Clementine
Eastern Red-Spotted Newt
In the deep green silence of the forest lives Clementine, a red-spotted newt known as the Dreamkeeper. Folklore tells that she wanders the moss at twilight, collecting dreams as they drift from sleepers’ minds — and sometimes, the soft daydreams that flutter quietly in the minds of those awake. She stores them in her dappled skin, carrying both the gentle and the strange through the undergrowth until dawn.
Some say the patterns on her back are maps to secret dream realms, while others believe she guards the boundary between waking and sleeping — ensuring that dreams do not slip too far into the mortal world.

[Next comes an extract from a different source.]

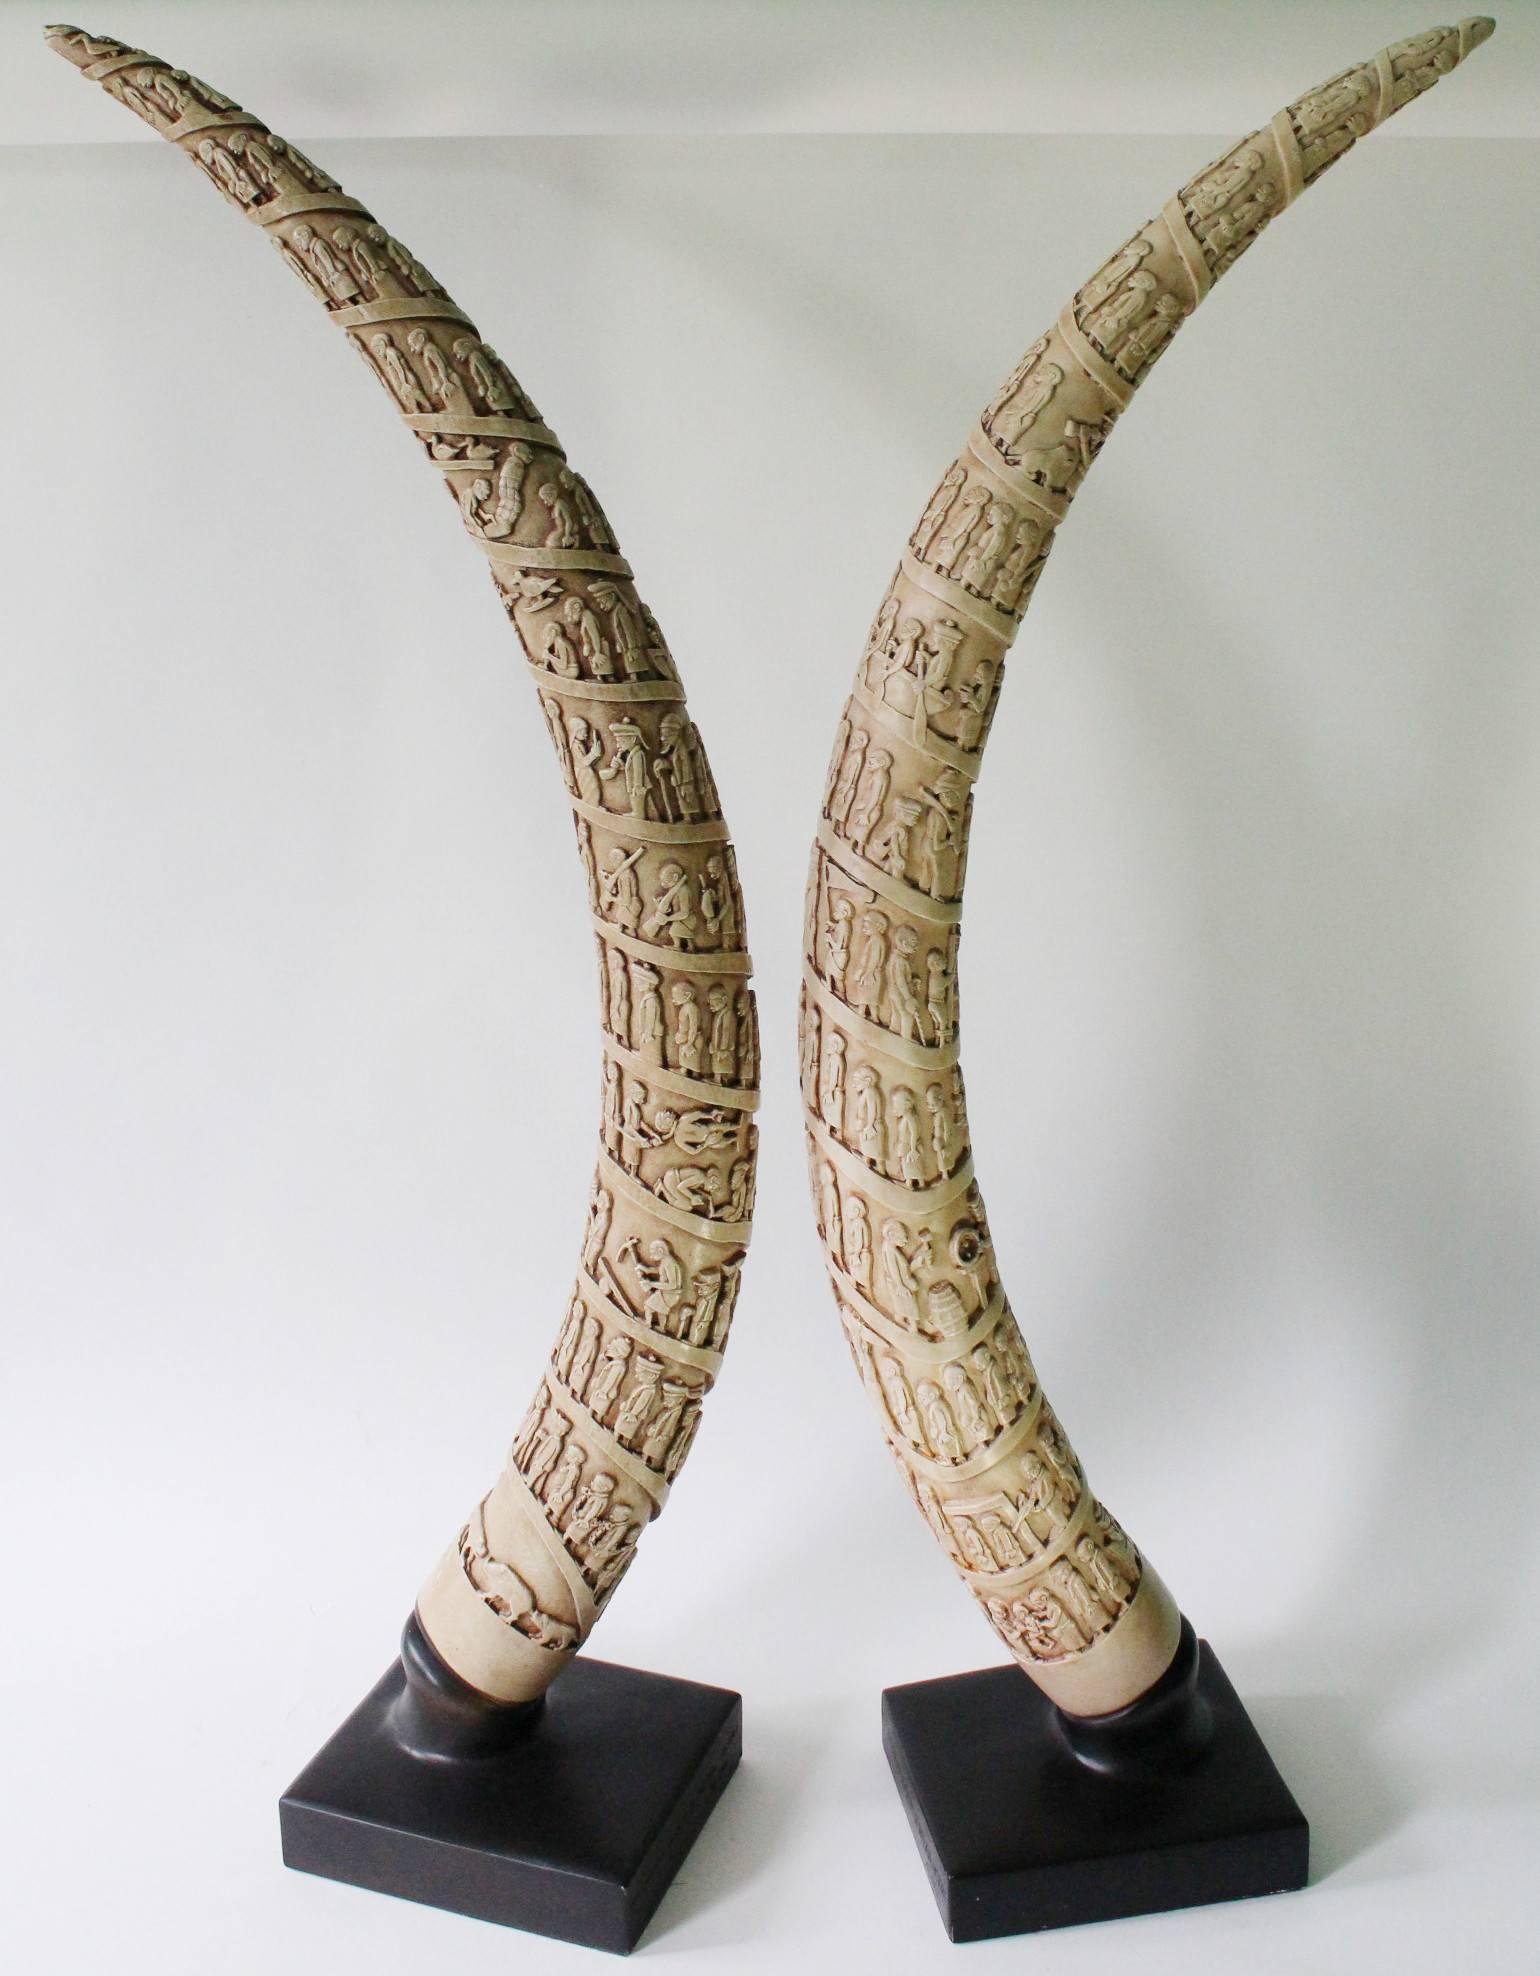 These tusks were made for the Museum of Natural History in 1986. Each consists of molded plaster which has been painted to make the tusks resemble ivory. The carvings feature ritual motifs. Each is in very good condition.

110512.

To keep Clementine close is to invite the watchful protection of the forest’s oldest magic, and to honor the mystery of what lies behind closed eyes at night… and the quiet wonders of the day.
Collects lost buttons. Trades secrets for riddles.
Salamander Folkore
Born of two worlds, the salamander walks the line between water and flame. To alchemists it was a fire-spirit, said to endure the hottest embers without harm, a secret emblem of transformation.

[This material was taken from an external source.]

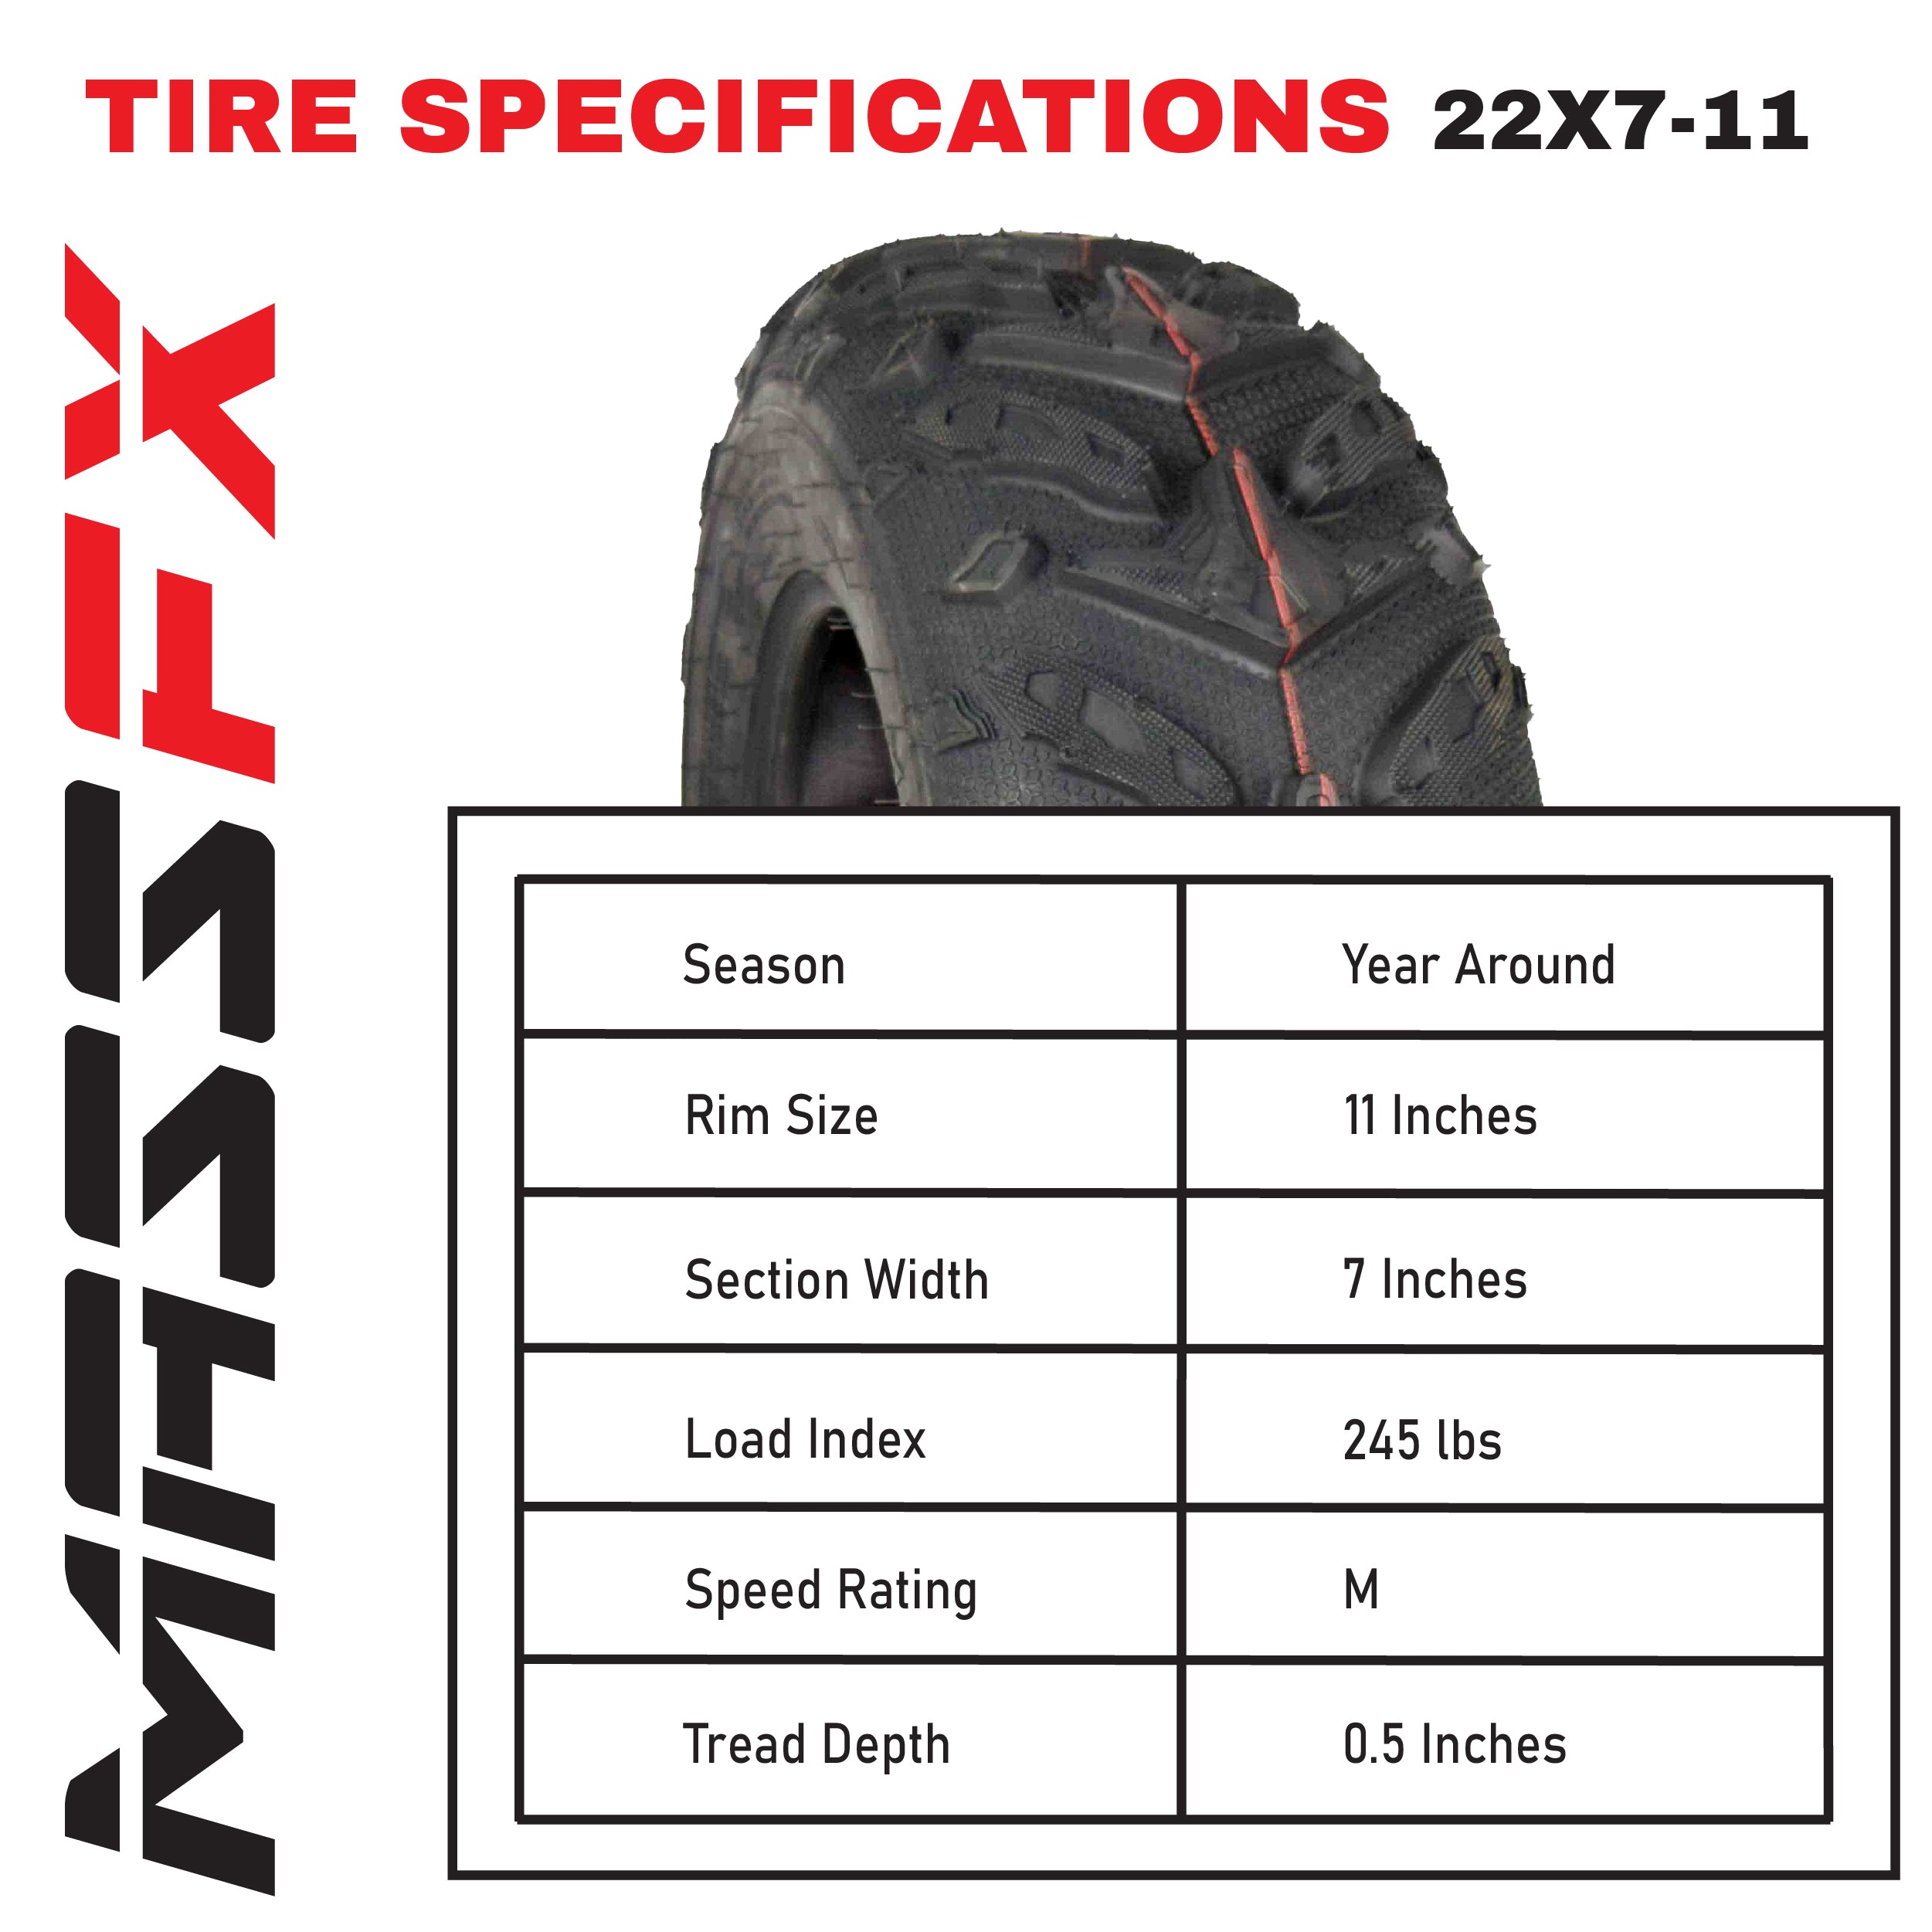 MASSFX Grinder 22x7-11 22x10-9 Front & Rear ATV Tire Set 6 Ply (4 Pack)

Among Algonquian-speaking peoples, it was whispered that amphibians meddled with rain and fire alike, keepers of balance between storm and hearth.

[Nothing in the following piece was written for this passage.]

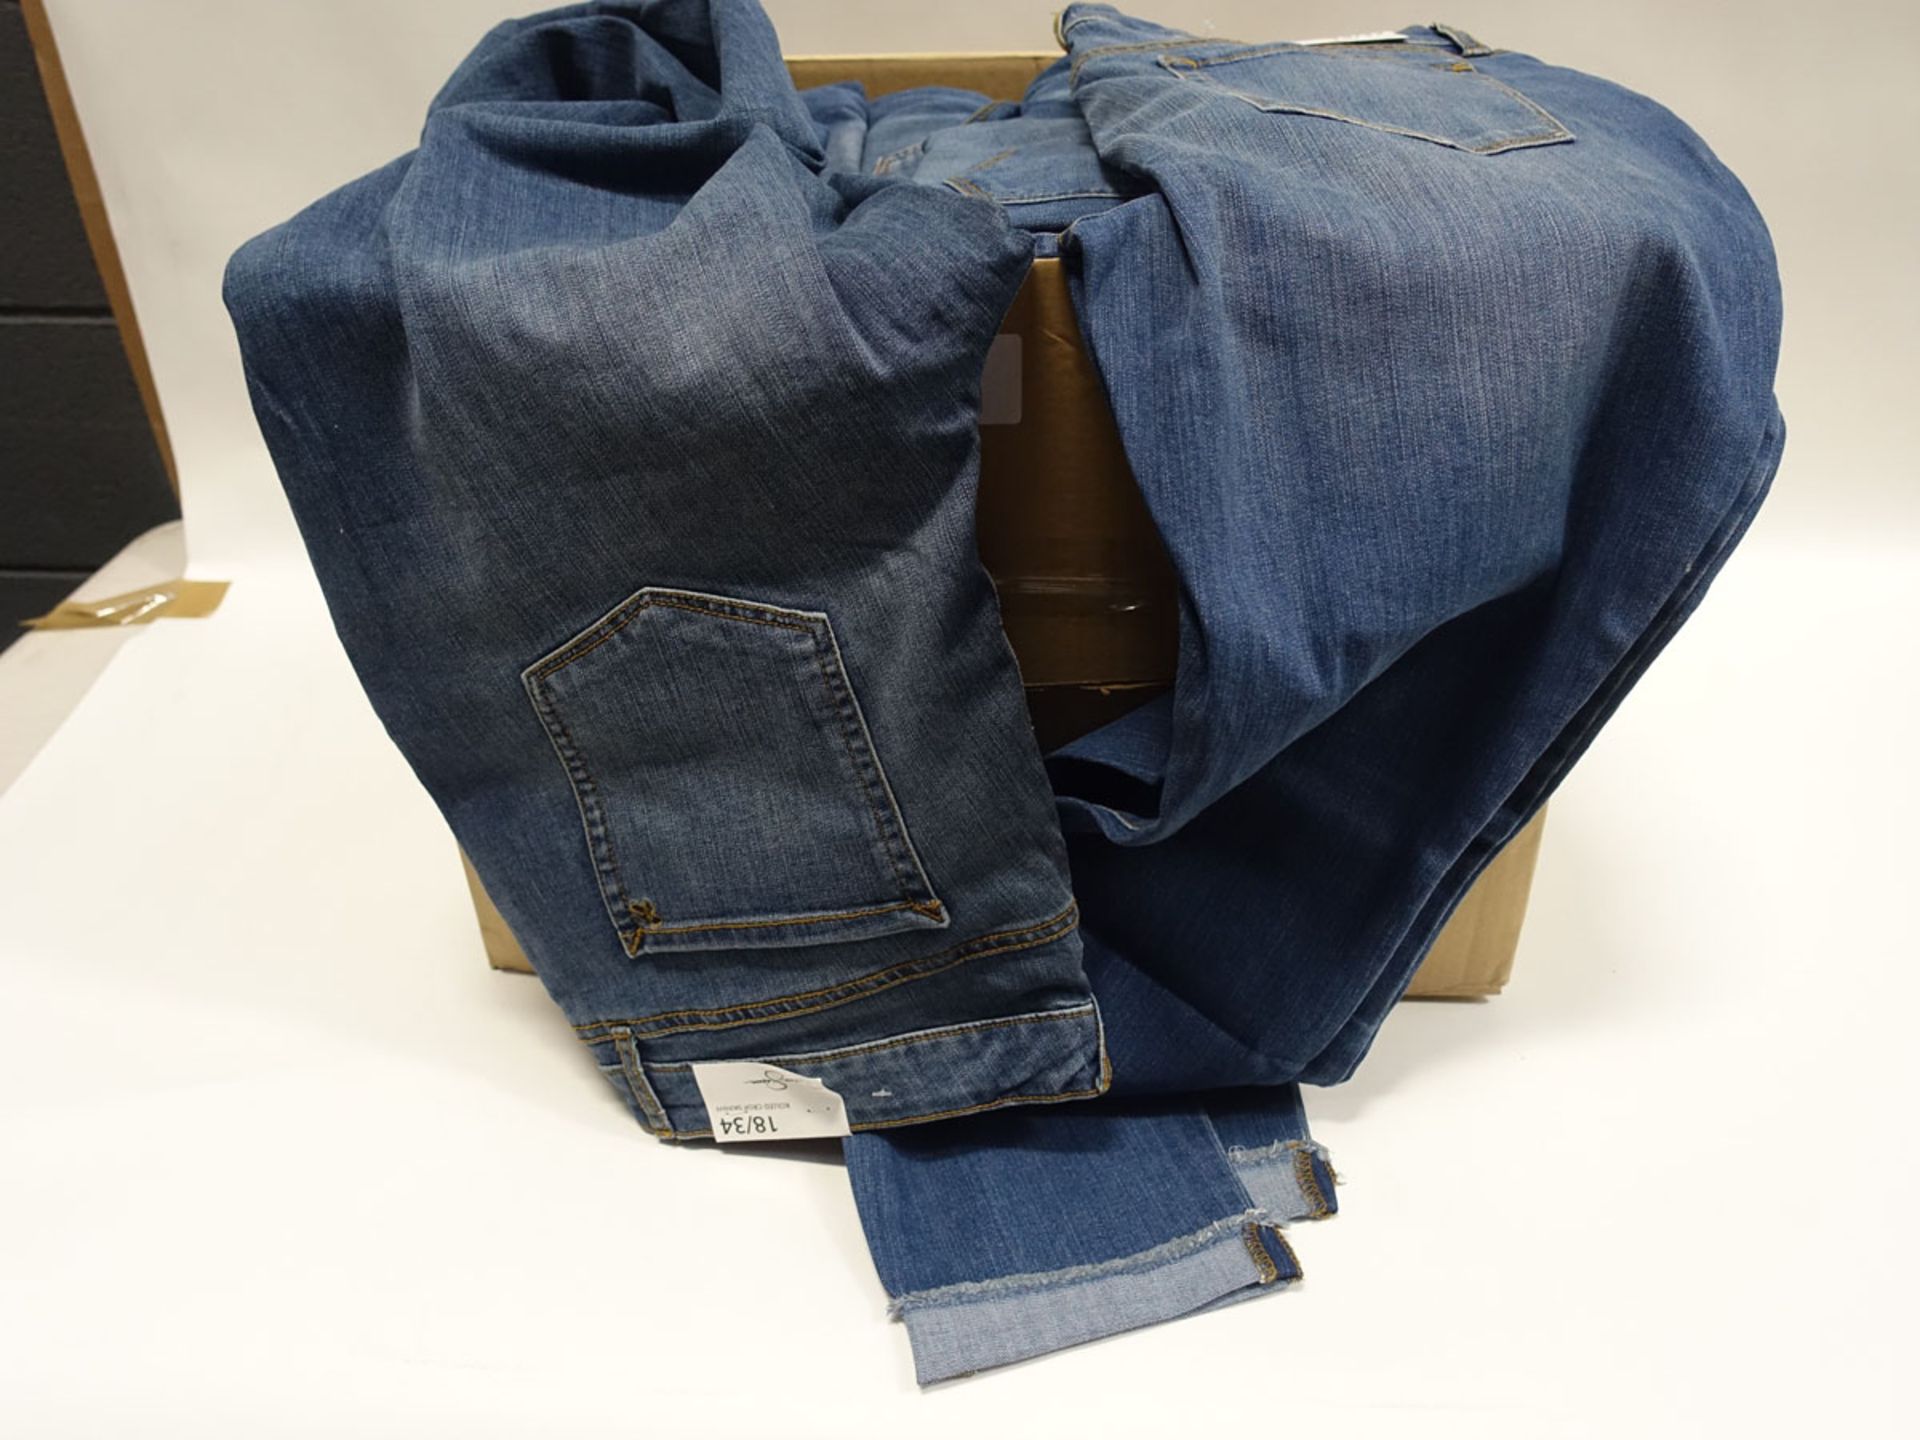 Box containing approx 40 pairs of Jessica Simpson roll crop skinny denim jeans (various sizes)

When European settlers carried their own superstitions into New England, the salamander became a creature of suspicion: slipping from damp logs into the flames of lit fireplaces, they became associated with witchcraft and known as a familiar of hidden covens.
And so the salamander remains - an omen of thresholds and mysteries, neither wholly of fire nor water, but forever flickering between them.